**What the task requires**
The reply must contain exactly the lines below from the one with "Seaport by Long Sleeve Top" down to the one with "UNICEF won't stop", both included, and nothing more; please omit the pictures.

**Provided data**
%%

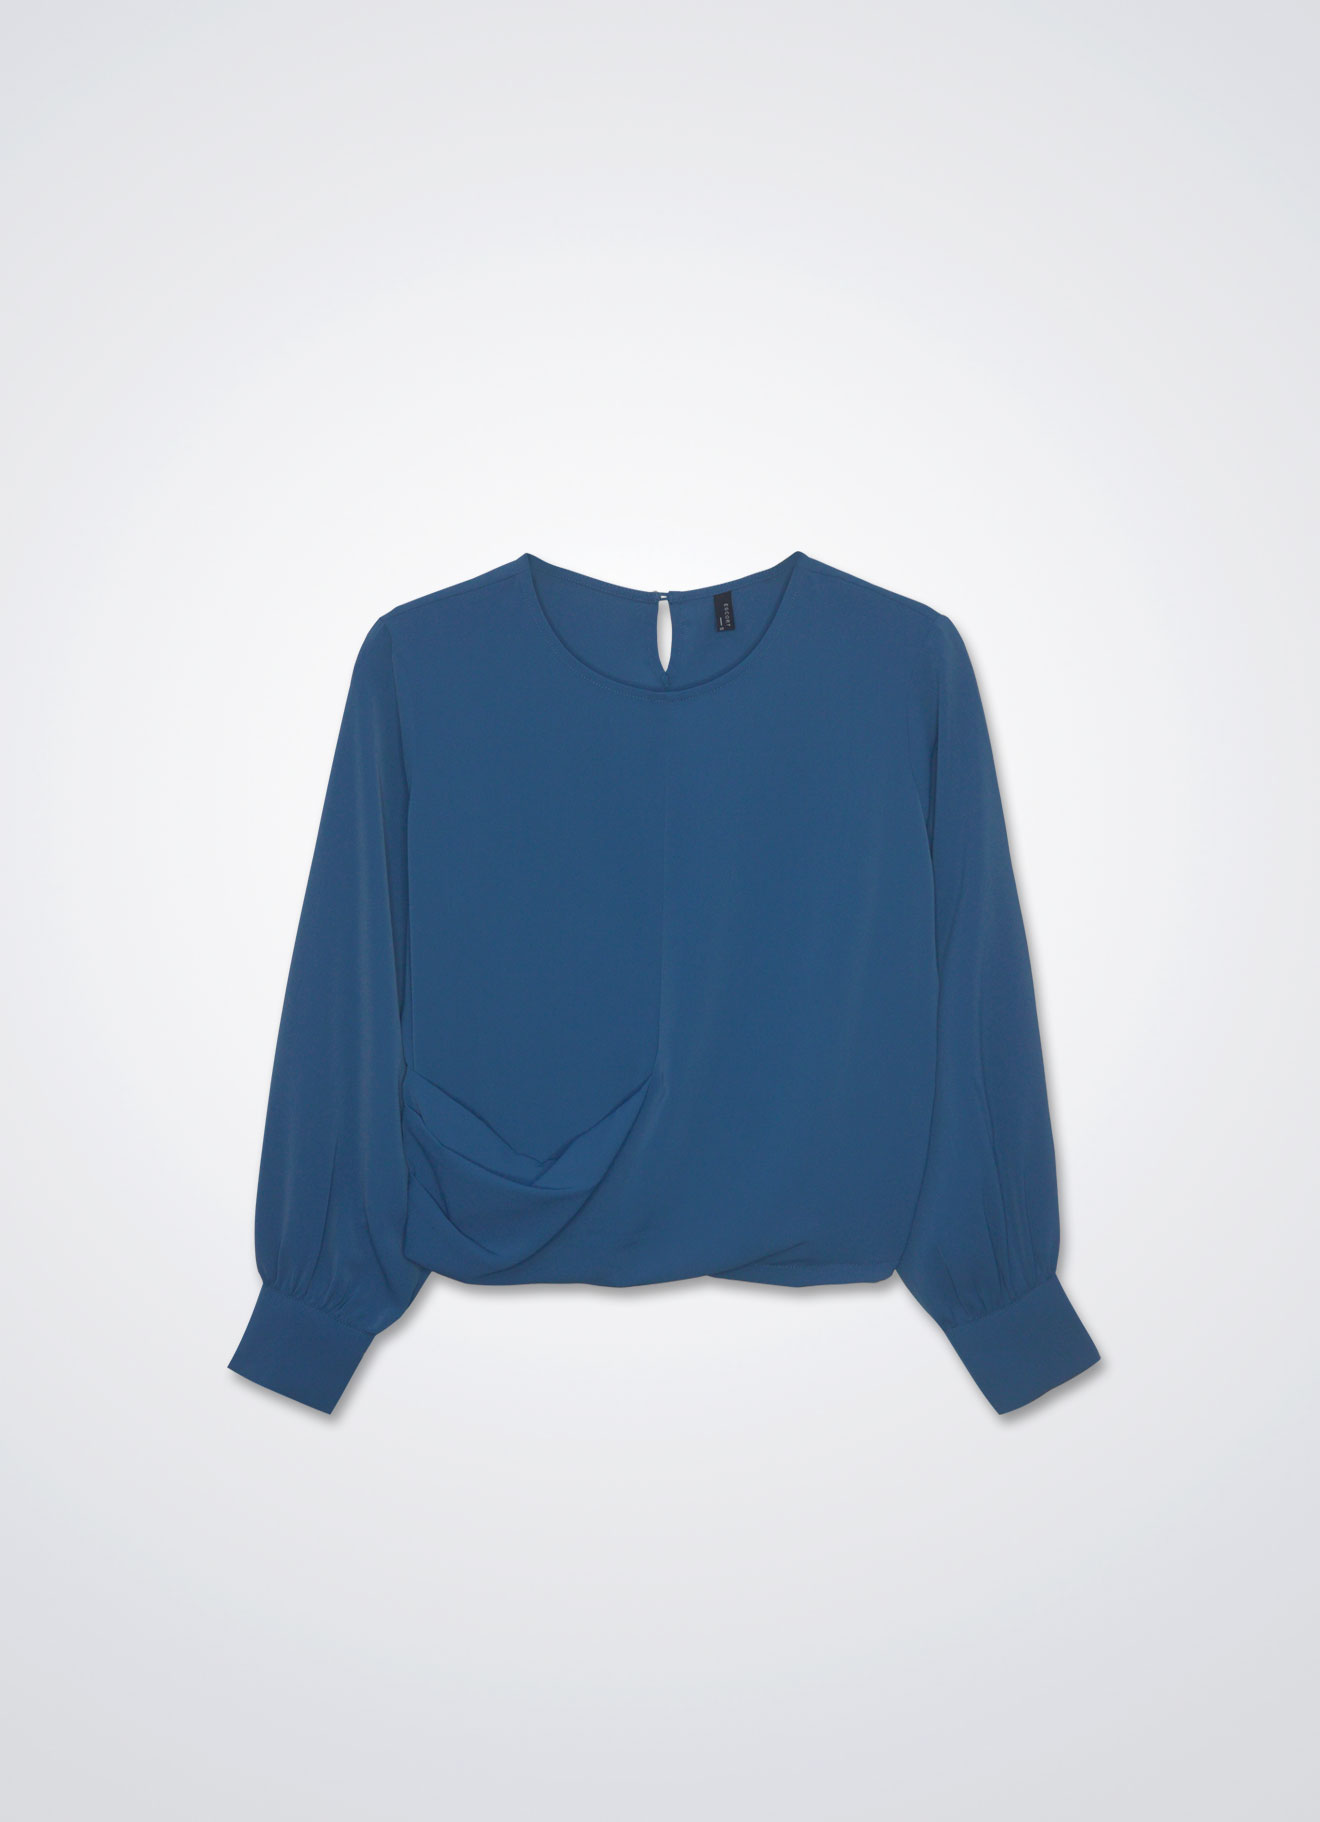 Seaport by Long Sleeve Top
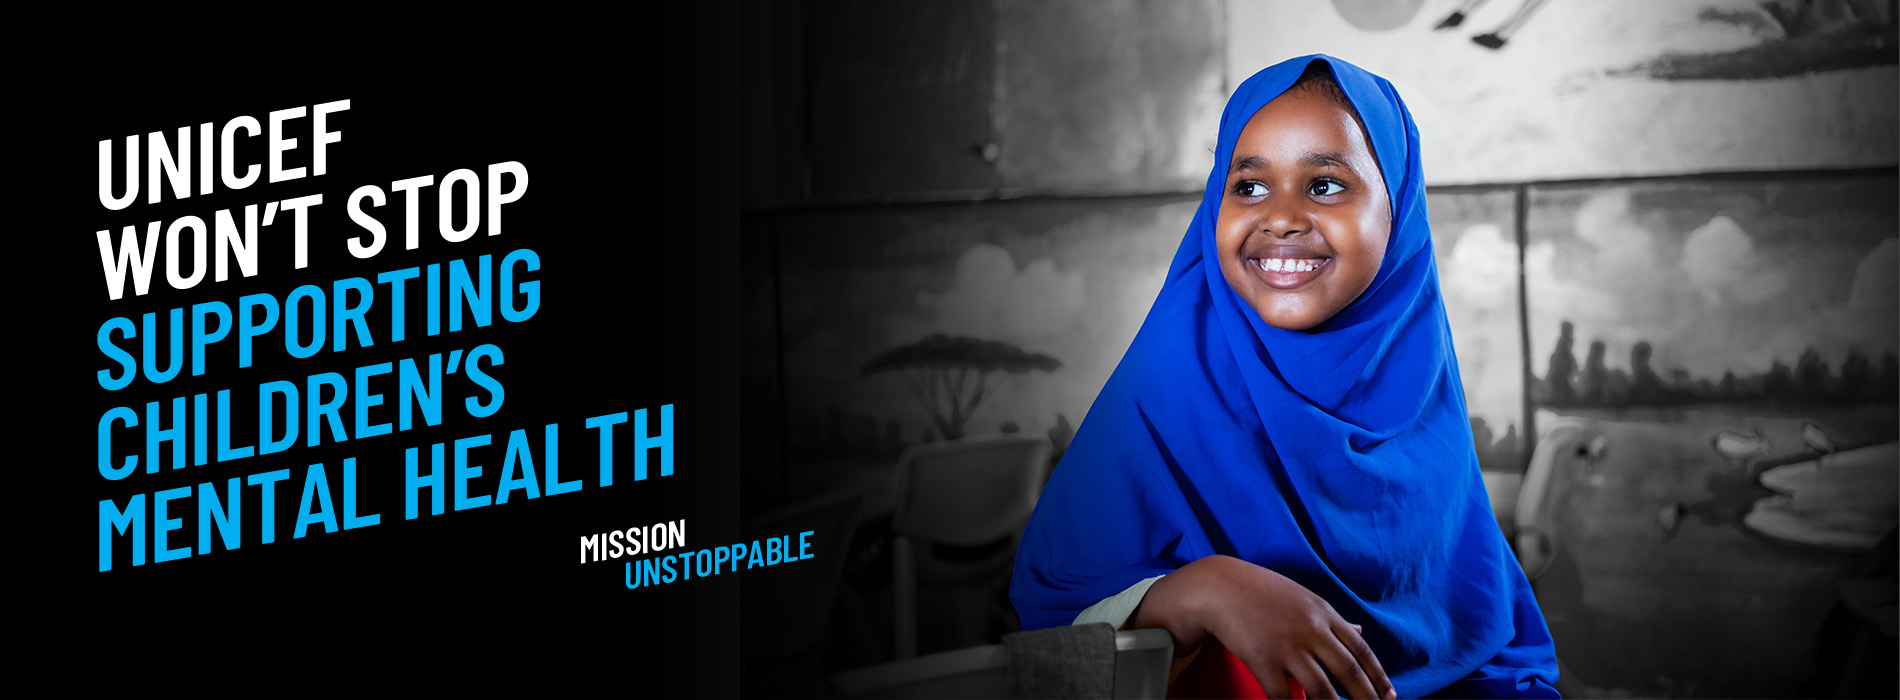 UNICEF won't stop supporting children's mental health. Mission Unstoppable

%%
%%

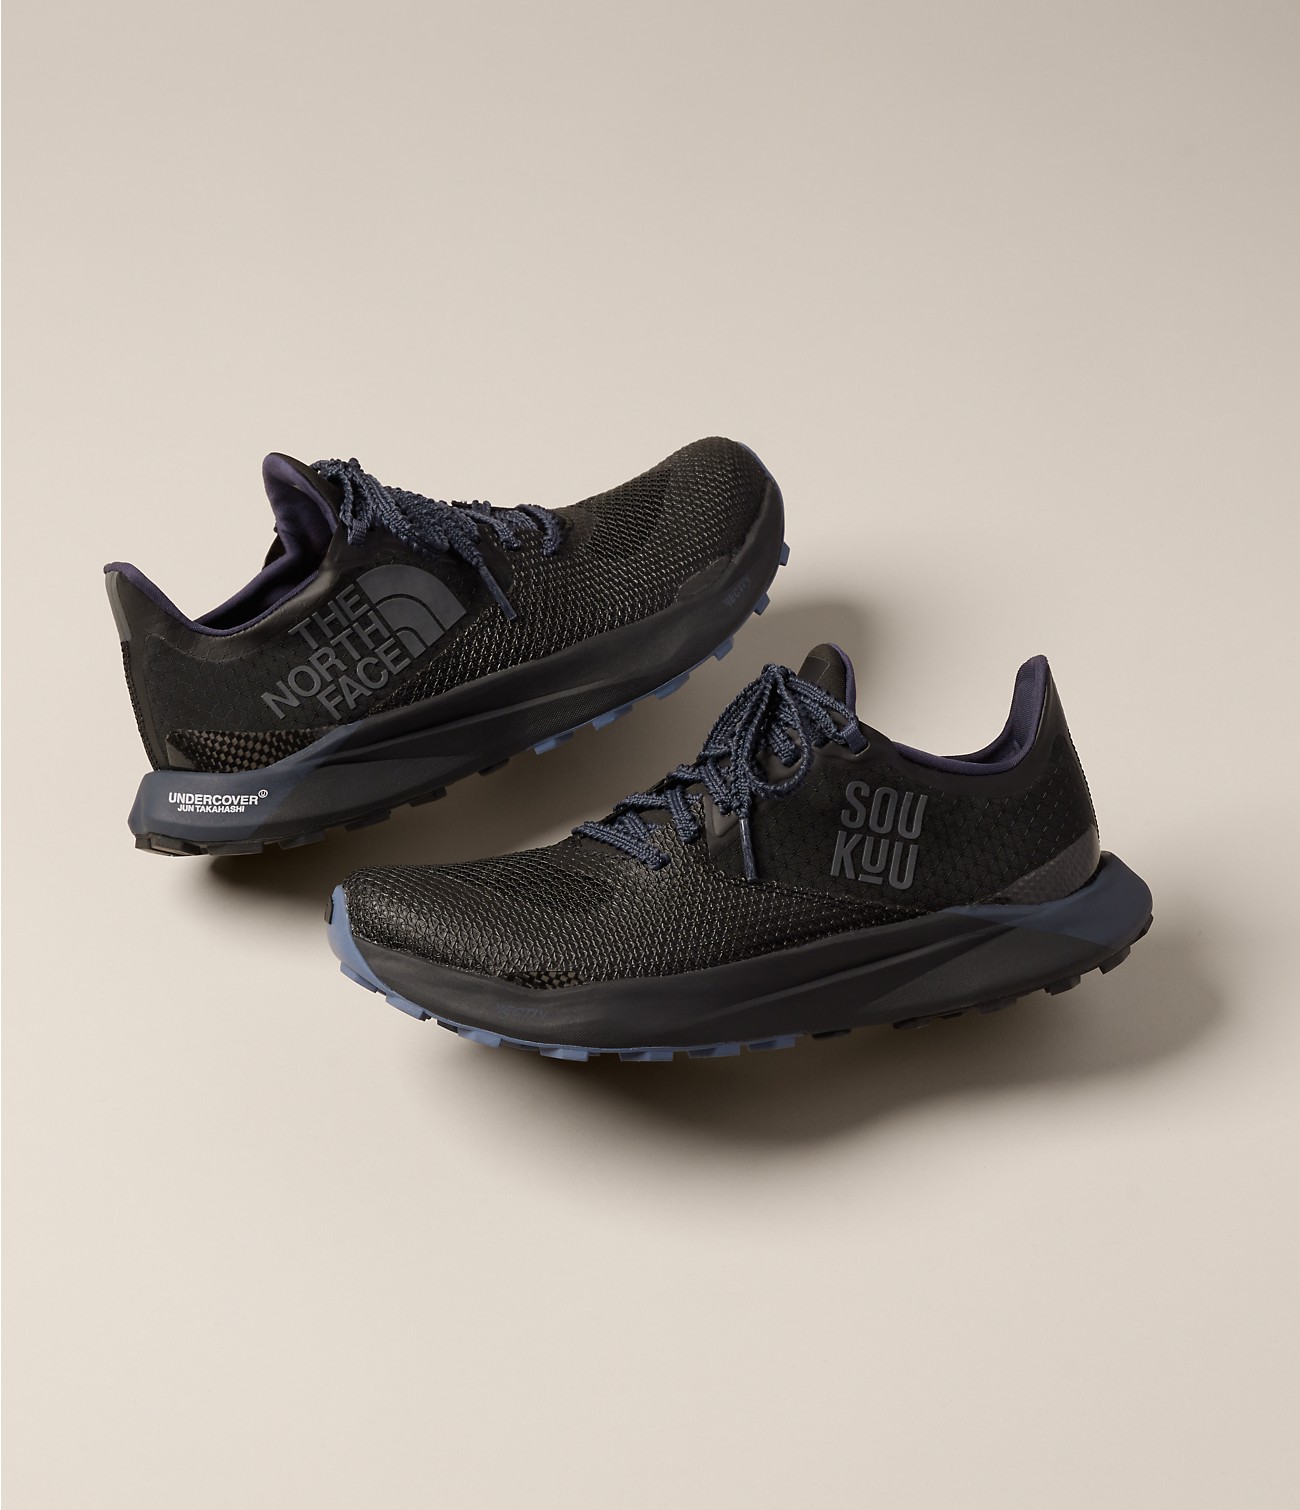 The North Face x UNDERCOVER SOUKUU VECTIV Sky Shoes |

%%
%%

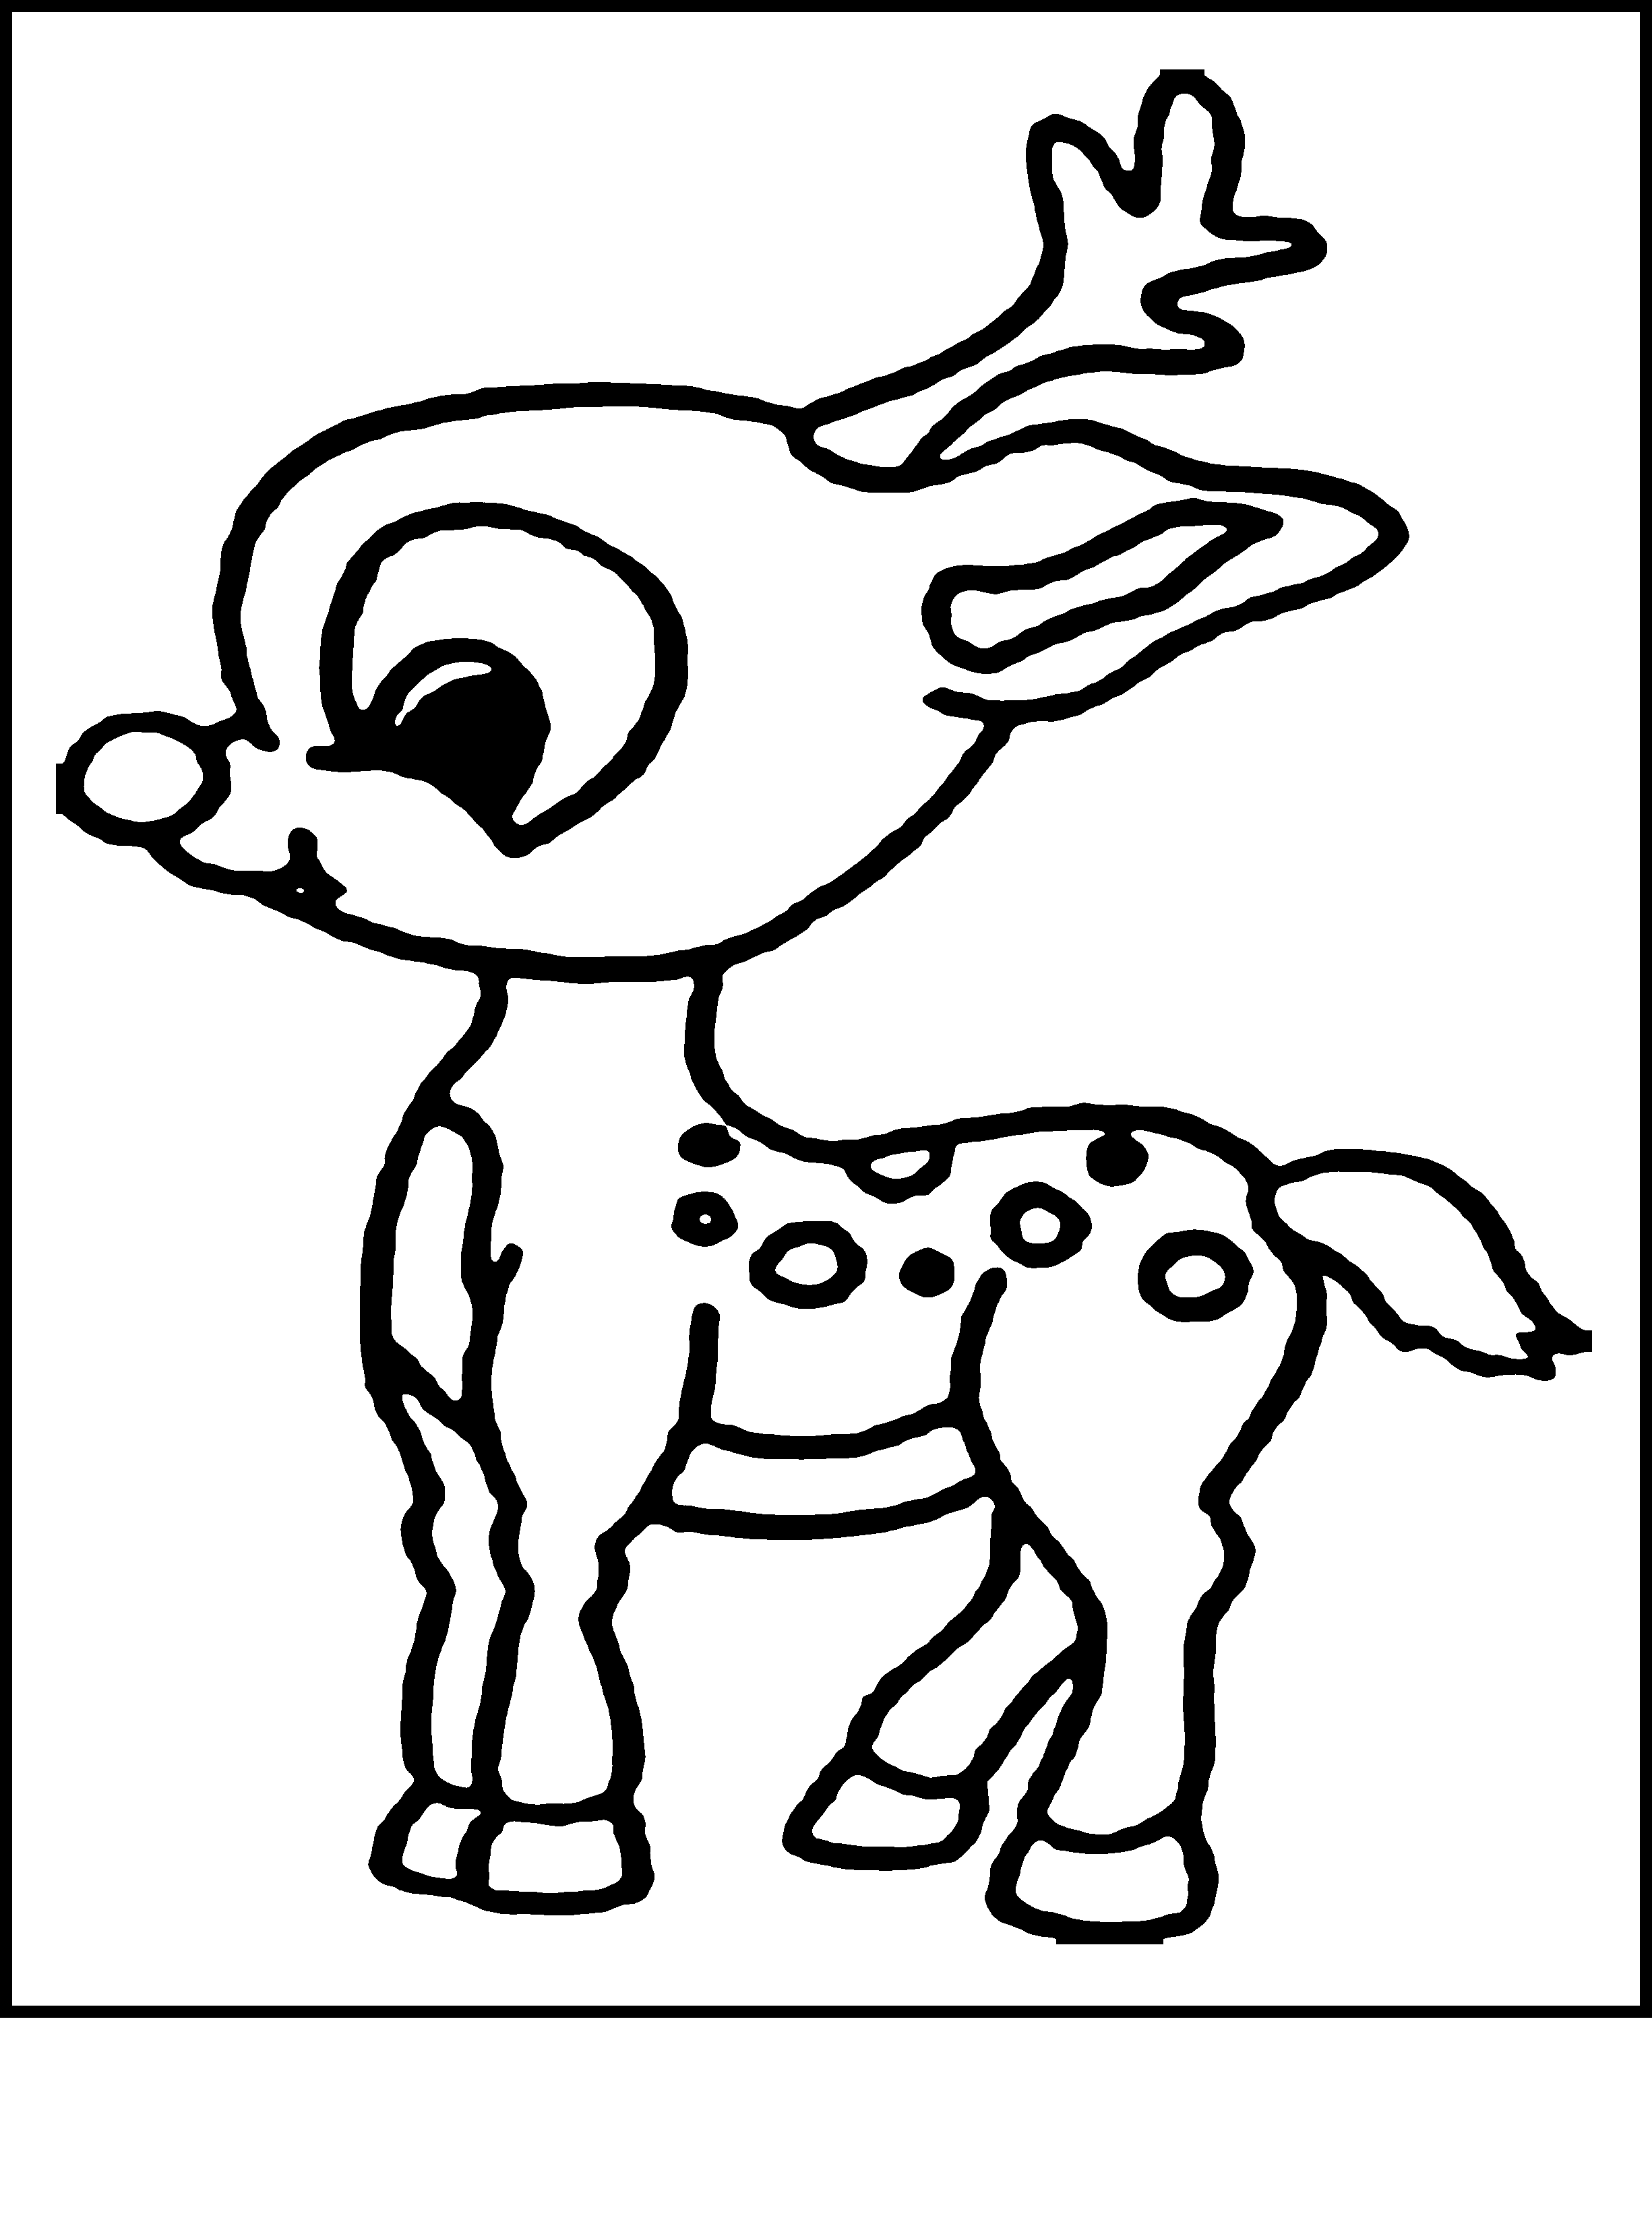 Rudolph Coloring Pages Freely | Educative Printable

%%

**Response**
 Seaport by Long Sleeve Top
 UNICEF won't stop supporting children's mental health. Mission Unstoppable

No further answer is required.